Marathon: long-running agent tasks (CLI)

Marathon is the Runtype CLI’s harness for long-running, multi-session agent tasks. It runs a saved agent across many sessions in your terminal with real-time streaming, local file and shell tools, automatic context compaction, checkpoints between sessions, and resumable state on disk.

Starting a marathon

$ runtype marathon <agent-id-or-name> -g "Refactor the auth module and add tests"

Useful flags:

--max-sessions <n> and --max-cost <usd>: budget caps (defaults: 50 sessions)
--model <modelId>: override the agent’s configured model
--max-tokens <n> and --temperature <n>: override the agent’s per-session output-token budget and sampling temperature (0-2). Applied to every phase; playbook milestones can override either per phase (see below).
--name <task>: task name used for the state files (defaults to the agent name)
--resume [message] / --fresh: continue from saved state, or start over
--sandbox <provider>: enable sandboxed code execution
--session-search / --no-session-search: session context indexing and the search_session_history local tool are enabled by default; pass --no-session-search to opt out

State persists under ~/.runtype/projects/<hash>/marathons/: a <task>.json snapshot, a <task>.tree.jsonl session tree (see below), a <task>.events/ directory of raw stream events, and a <task>/outputs/ artifact store for large offloaded tool outputs referenced by the context ledger. Keep the outputs directory with the .json and .tree.jsonl files when moving or backing up a marathon task.

Steering while the agent works

Press Enter at any time while the agent is streaming to open the steering composer:

Enter queues your message. The in-flight session wraps up at the next tool call and your message is delivered at the start of the next session, usually within seconds.
Tab toggles delivery timing between “next turn” and “after all work” (a follow-up that fires when the task would otherwise finish).
Esc closes the composer and keeps your draft.

A counter above the status bar shows how many messages are queued. Note that early in a run the agent may be in a planning phase where file writes are restricted to the plan; a steer that asks for immediate writes takes effect once the plan is updated.

To interrupt the agent entirely, press Esc twice (outside the composer) while it works. The in-flight session aborts immediately — cost and progress observed so far are preserved — and the marathon lands at a “stopped” checkpoint. Any queued steering messages and composer draft are restored into the checkpoint input, so you can edit them and press Enter to continue with new instructions, or press Enter on an empty input to exit. A stopped task resumes later with --resume.

Checkpoints

After each session (and at the end of the task), marathon pauses at a checkpoint. Press Enter to continue, type a message to steer the next session, or use a slash command:

Command	What it does
`/model`	Change the model for subsequent sessions
`/tools`	Toggle local tools on or off
`/sandbox <provider>`	Switch the sandbox provider
`/plan`, `/status`	Show the task plan and subtask completion
`/revert <file>`	Restore a file from its checkpoint
`/reflect`	Open the reflection editor to reassess the approach
`/tree`	Browse session branches and switch between them
`/fork`	Branch the conversation from an earlier message
`/copy`, `/copy-trimmed`	Copy the session JSON to the clipboard
`/open`	Open the state file in your editor
`/stop`	Stop the marathon and save state
`/help`	Show all commands and shortcuts

Session branches: /tree and /fork

Marathon records the conversation as a tree in <task>.tree.jsonl, so steering in a new direction never loses the original timeline.

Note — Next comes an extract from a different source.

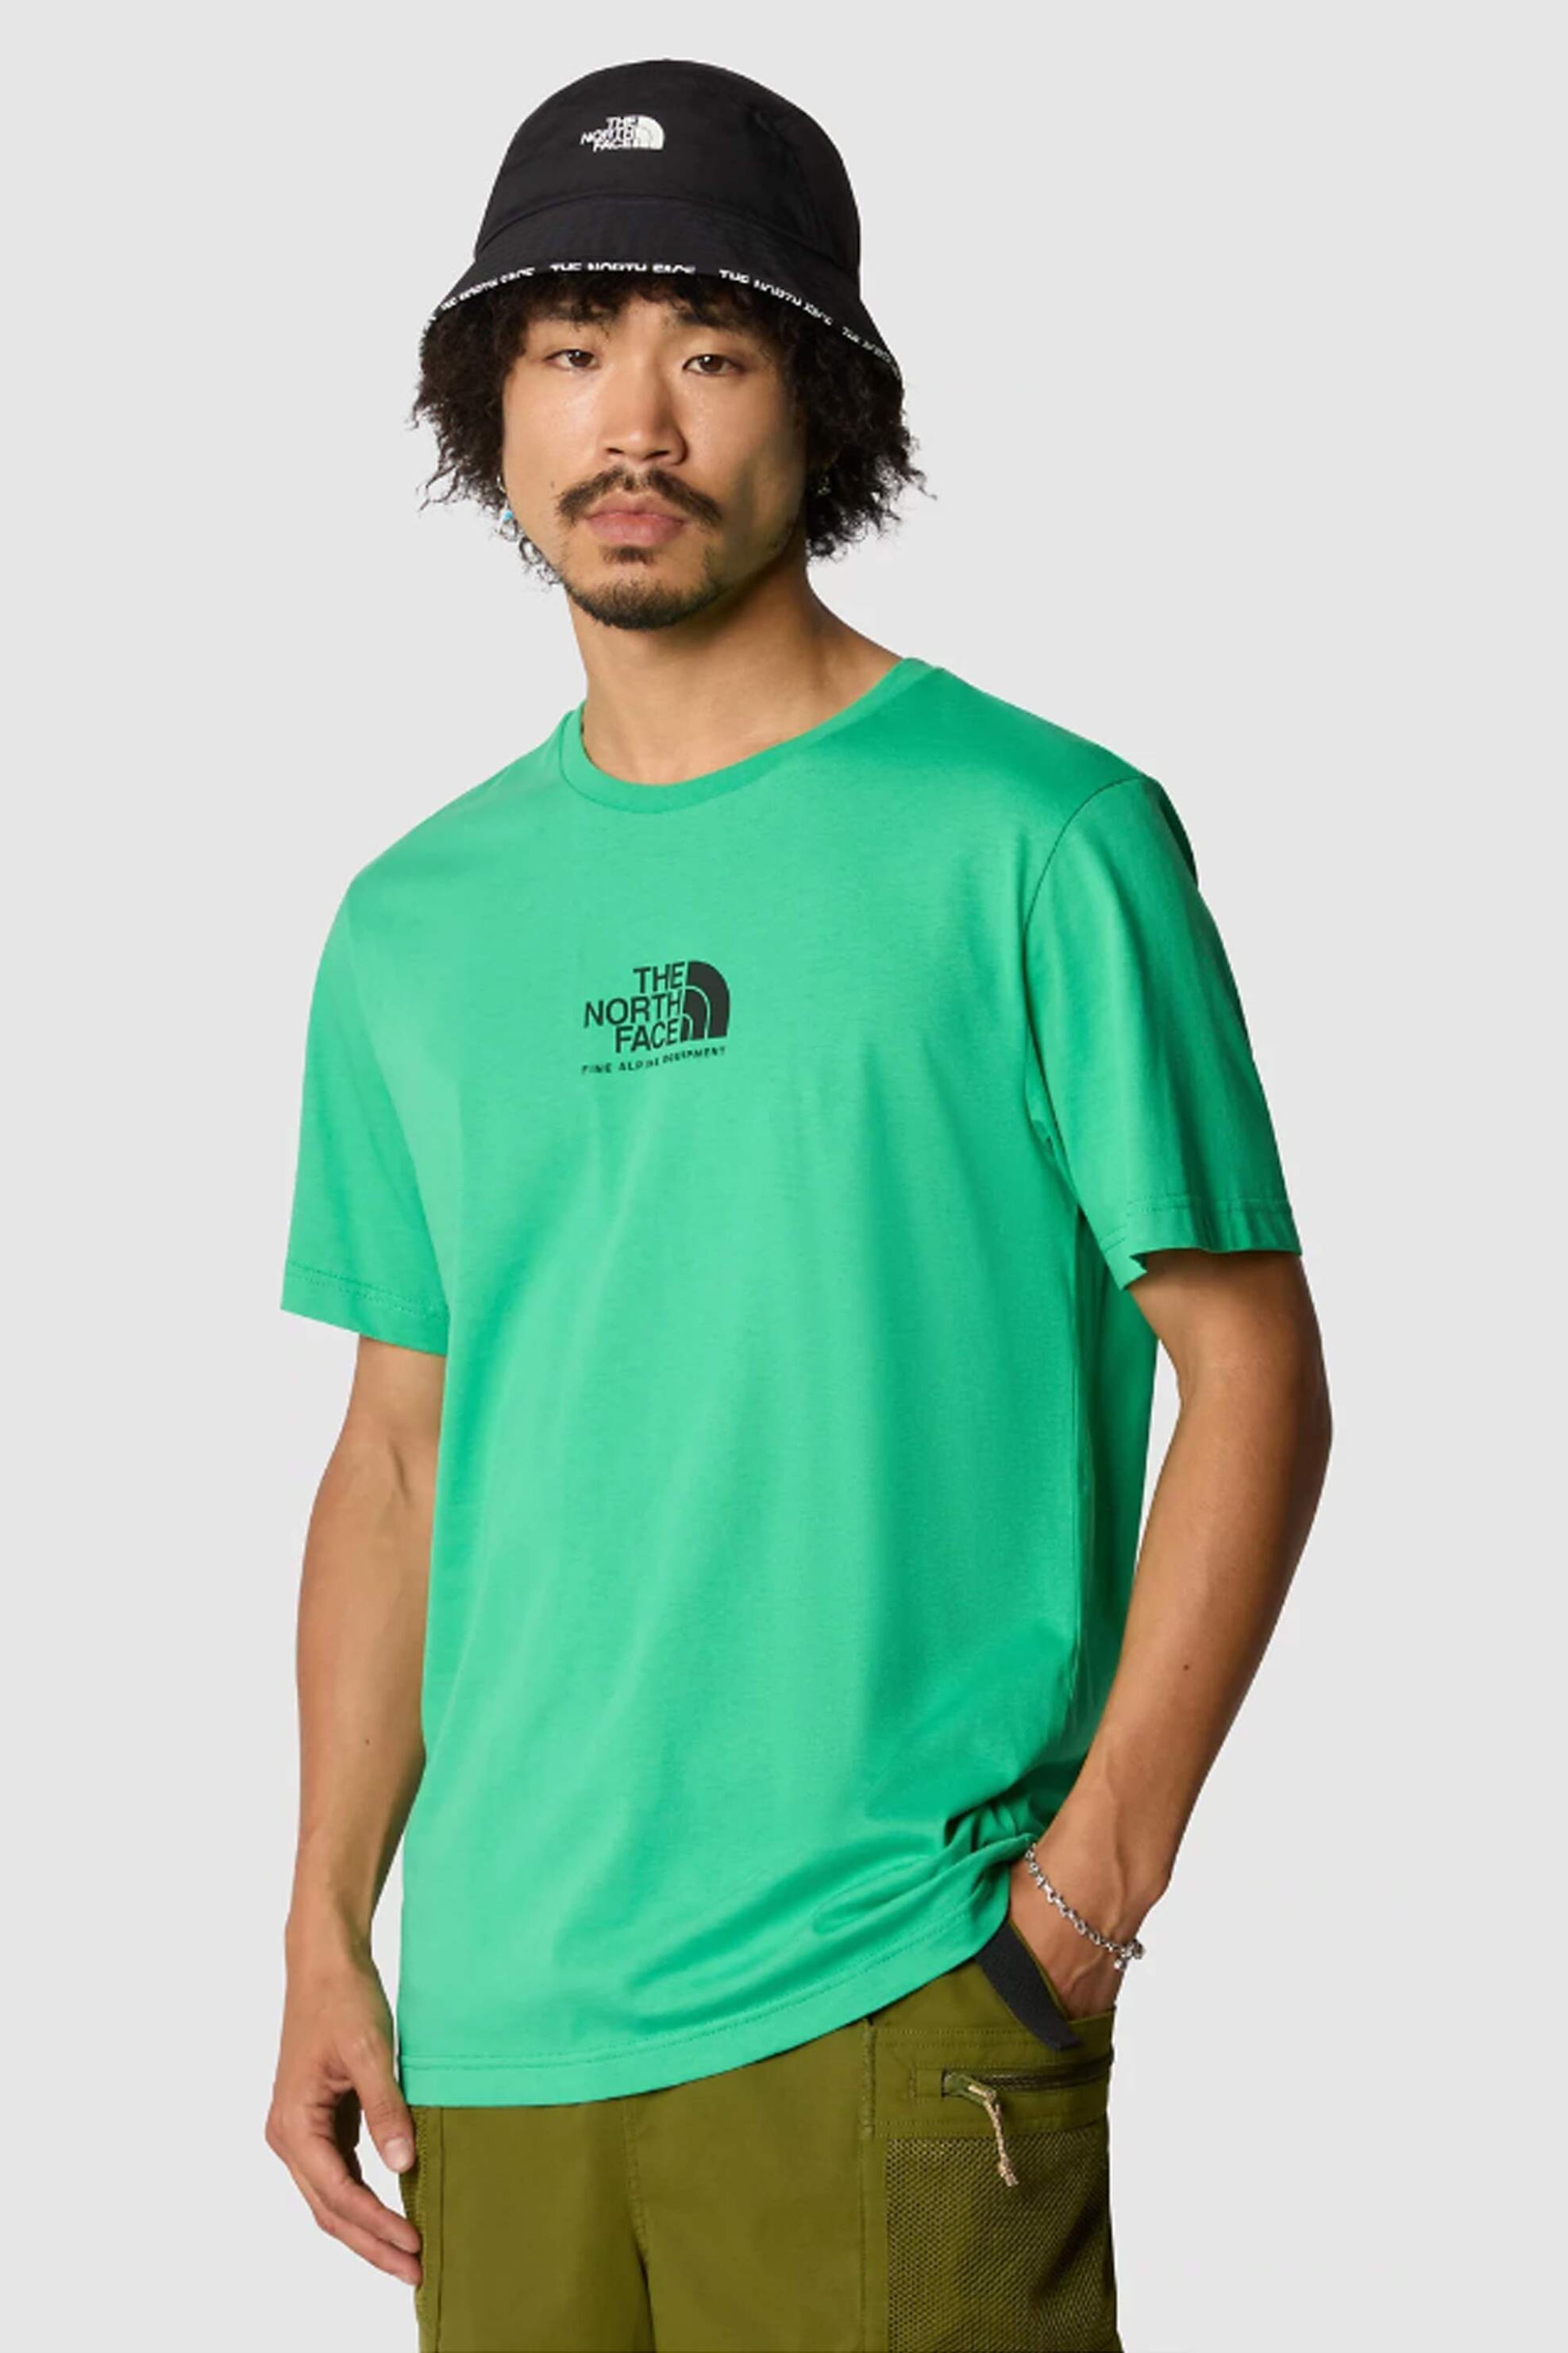 Ανδρική Μόδα > Ανδρικά Ρούχα > Ανδρικές Μπλούζες > Ανδρικά T-Shirts The North Face ανδρικό T-shirt μονόχρωμο βαμβακερό με contrast λογότυπο "Fine Alpine Equipment" - NF0A87U3PO81 Πράσινο Tropical

/fork lists the user messages on the current branch. Pick one, then type your new instruction: the conversation branches from that point and the next session runs with the truncated history plus your new steer. The original branch stays in the tree.
/tree shows the session tree with branches indented, the current head marked, and ledger metadata rows such as artifacts or compaction summaries labeled as metadata. Select a checkpoint row to switch the conversation head: the next session continues from that checkpoint with that branch’s history.

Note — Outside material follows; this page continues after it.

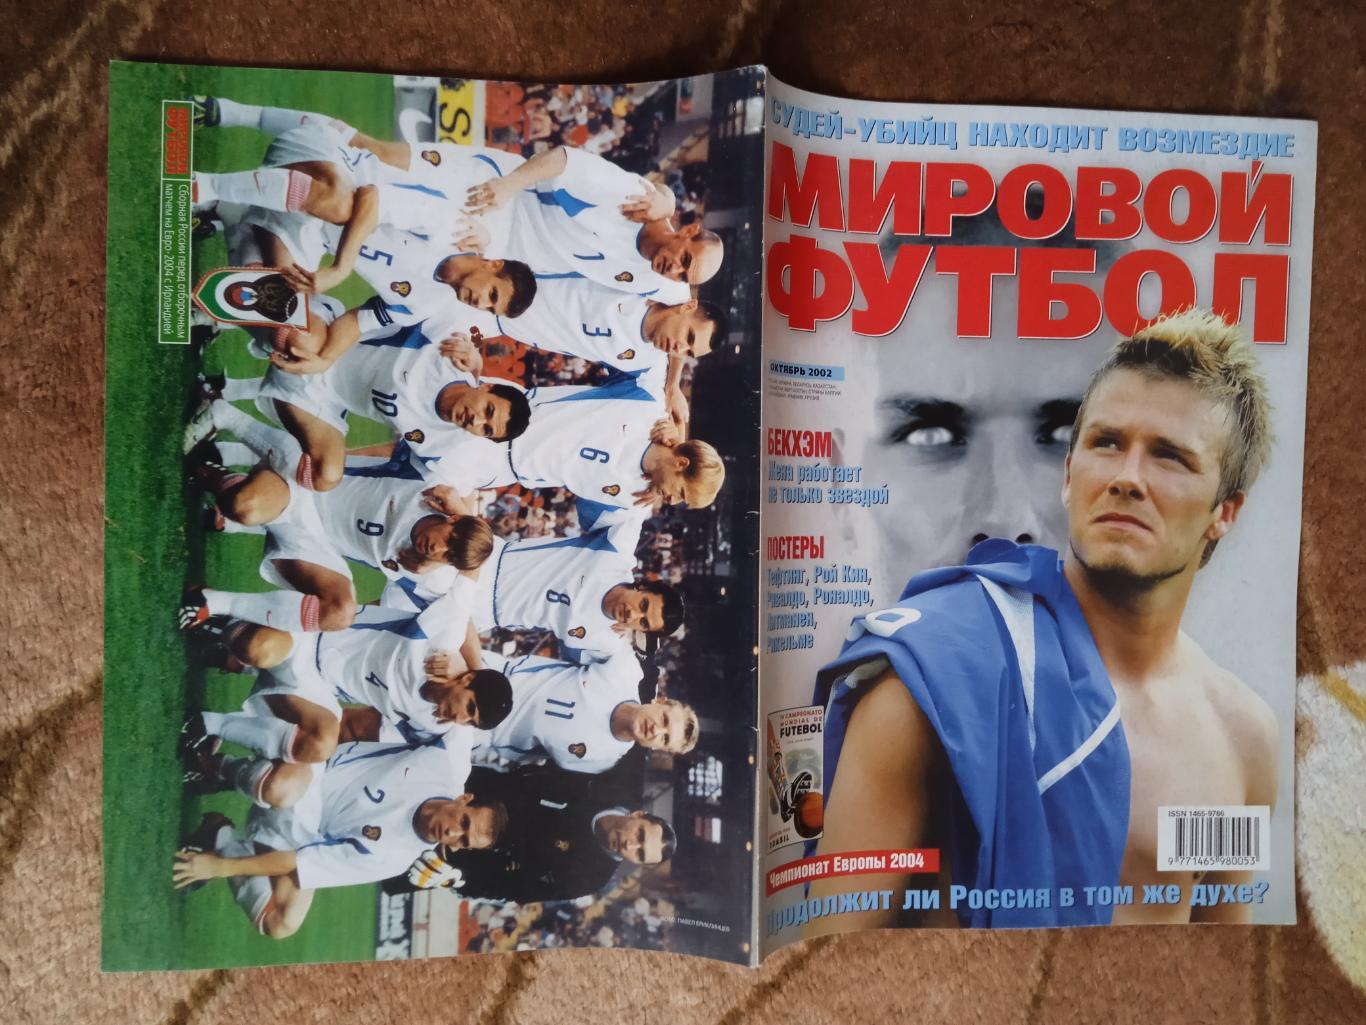 Журнал.Мировой футбол.Октябрь 2002 г. (Постеры).

A typical flow: the agent went down the wrong path two sessions ago. At the next checkpoint, type /fork, pick the message where things were still on track, describe the better approach, and continue. If the new branch turns out worse, /tree switches you back.

Resuming

runtype marathon <agent> --name <task> --resume continues a saved task with its full history. Marathon shows a resume checkpoint first so you can steer, switch branches, or change settings before the next session starts.

Playbooks

A playbook replaces marathon’s default workflow (research, planning, execution) with milestones you define: their instructions, models, completion rules, and runtime guardrails. Pass one with --playbook:

$ runtype marathon <agent> -g "Write release notes for the last sprint" --playbook release-notes

Marathon resolves the name as an exact file path first, then .runtype/marathons/playbooks/<name>.yaml|yml|json|ts|mts in the current project, then the same paths under ~/.runtype/.

Milestones

Each milestone is a phase the agent works through in order. A minimal playbook:

1 name: release-notes
2 policy:
3   allowedWriteGlobs: ['docs/releases/**']
4   requirePlanBeforeWrite: true
5 milestones:
6   - name: research
7     model: claude-haiku-4-5
8     instructions: |
9       Survey the recent changes in this repo.
10       Then write a short outline to the plan file: {{planPath}}
11     completionCriteria:
12       type: evidence
13       minReadFiles: 2
14     transitionSummary: 'Outline done. Moving to {{nextPhase}}.'
15   - name: write
16     model: claude-sonnet-4-6
17     fallbackModels: [claude-opus-4-8]
18     instructions: Write the release notes under docs/releases/ following the outline.
19     recovery:
20       afterEmptySessions: 1
21       message: You stopped calling tools. Write a file under docs/releases/ now.
22     canAcceptCompletion: true

Milestone fields:

Field	What it does
`instructions`	Prompt for the milestone. Supports `{{key}}` interpolation from run state, for example `{{planPath}}`.
`toolGuidance`	Extra guidance lines added to the tools section of the prompt.
`model`, `fallbackModels`	Model for this milestone, plus the fallback chain used on errors and stall escalation.
`maxTokens`, `temperature`	Output-token budget and sampling temperature (0-2) for this milestone’s model. Takes precedence over the `--max-tokens` / `--temperature` flags and the top-level defaults.
`fallbackOnEmpty`	Opt-in (default off). When `true`, the `fallbackModels` chain also fires when the model finishes successfully but returns no visible text (e.g. a “thinking” model that spends its budget reasoning), not just on errors. Needs `fallbackModels`.
`completionCriteria`	When the milestone auto-advances (see below).
`recovery`	Message injected into the next session after `afterEmptySessions` consecutive sessions with no tool calls (default 2).
`transitionSummary`	Message emitted when the milestone completes. Supports `{{nextPhase}}`.
`canAcceptCompletion`	Whether the agent’s `TASK_COMPLETE` signal is accepted here. Set it on the final milestone, or the run can never finish normally (the loader warns about this).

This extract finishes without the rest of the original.